• **Data excerpt**:

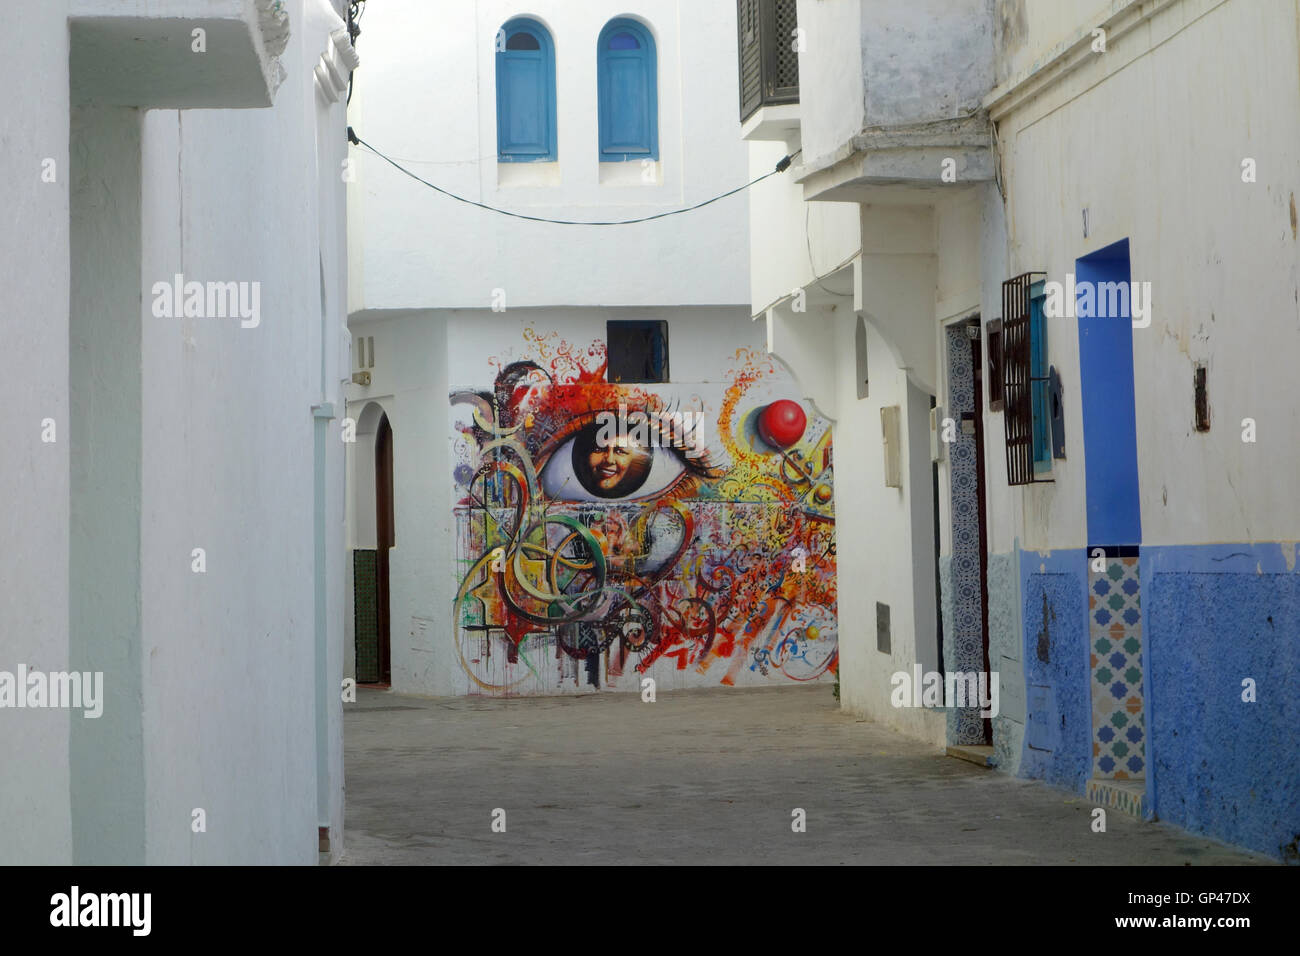 Street art marocain d'un reflet dans un oeil, dans Alsirah, Maroc Banque D'Images
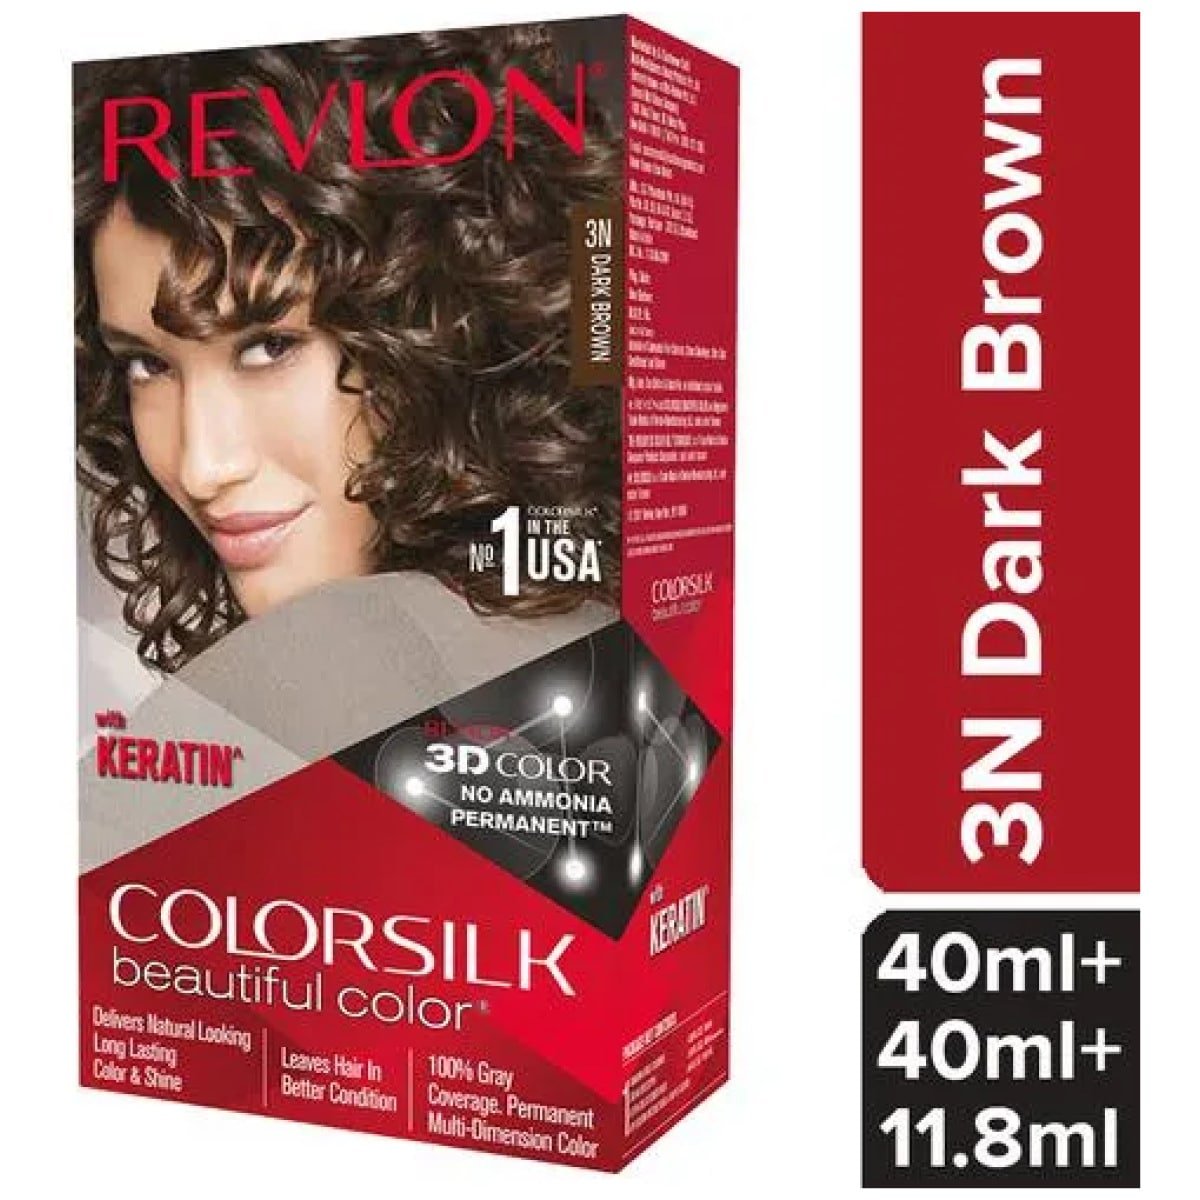 Revlon Colorsilk Beautiful 3D Color Ammonia Free Permanent 30 Dark Brown (40Ml+40Ml+11.8Ml)
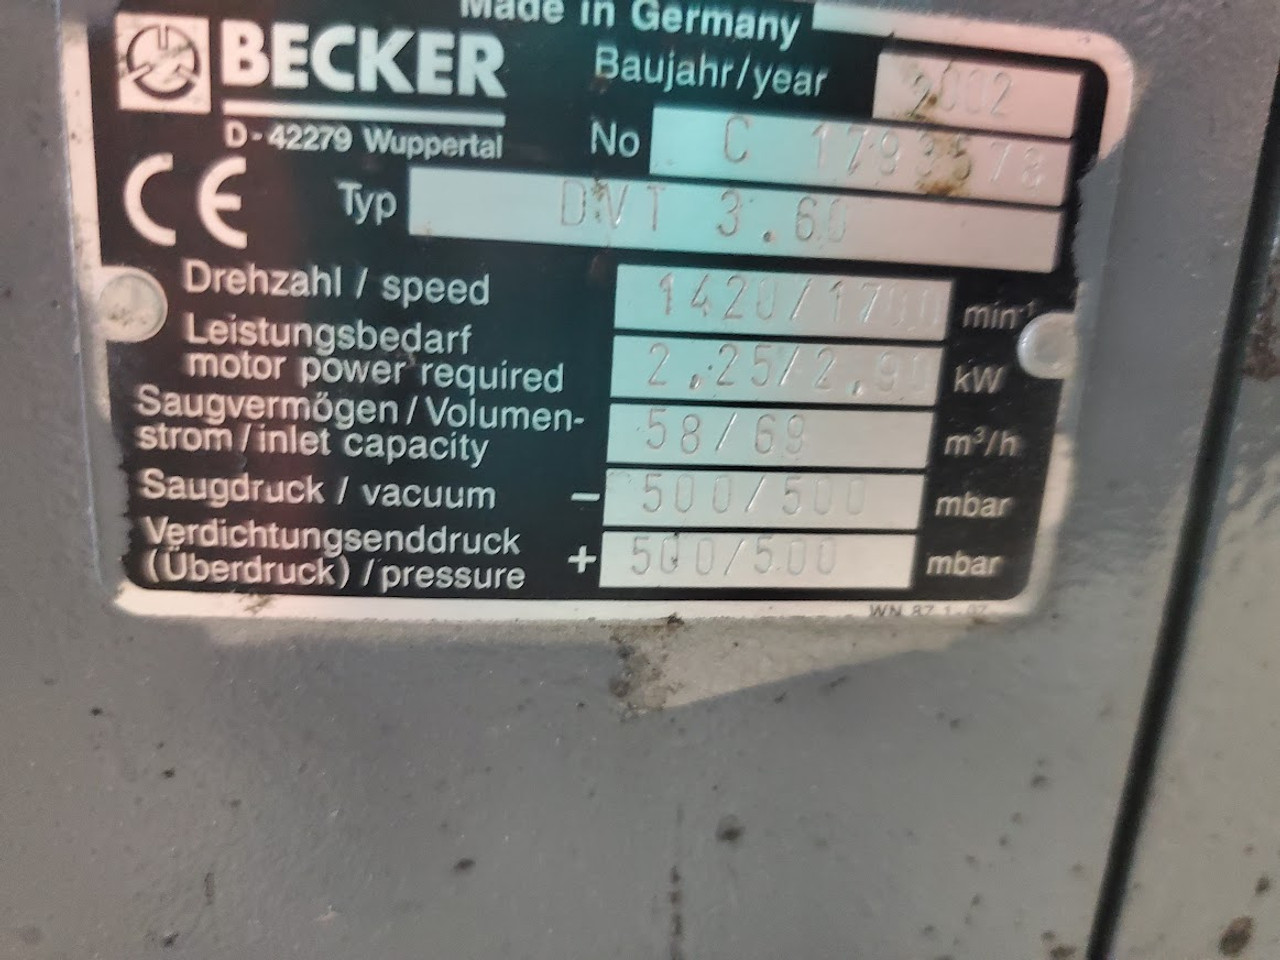 Becker 2002 2.25/2.9 kW 58/69 m3/h Dry Pump DVT 3.6

• **Action item**:
Output each of the lines above exactly, apart from the images.

• **Exercise answer**:
 Street art marocain d'un reflet dans un oeil, dans Alsirah, Maroc Banque D'Images
 Revlon Colorsilk Beautiful 3D Color Ammonia Free Permanent 30 Dark Brown (40Ml+40Ml+11.8Ml)
 Becker 2002 2.25/2.9 kW 58/69 m3/h Dry Pump DVT 3.6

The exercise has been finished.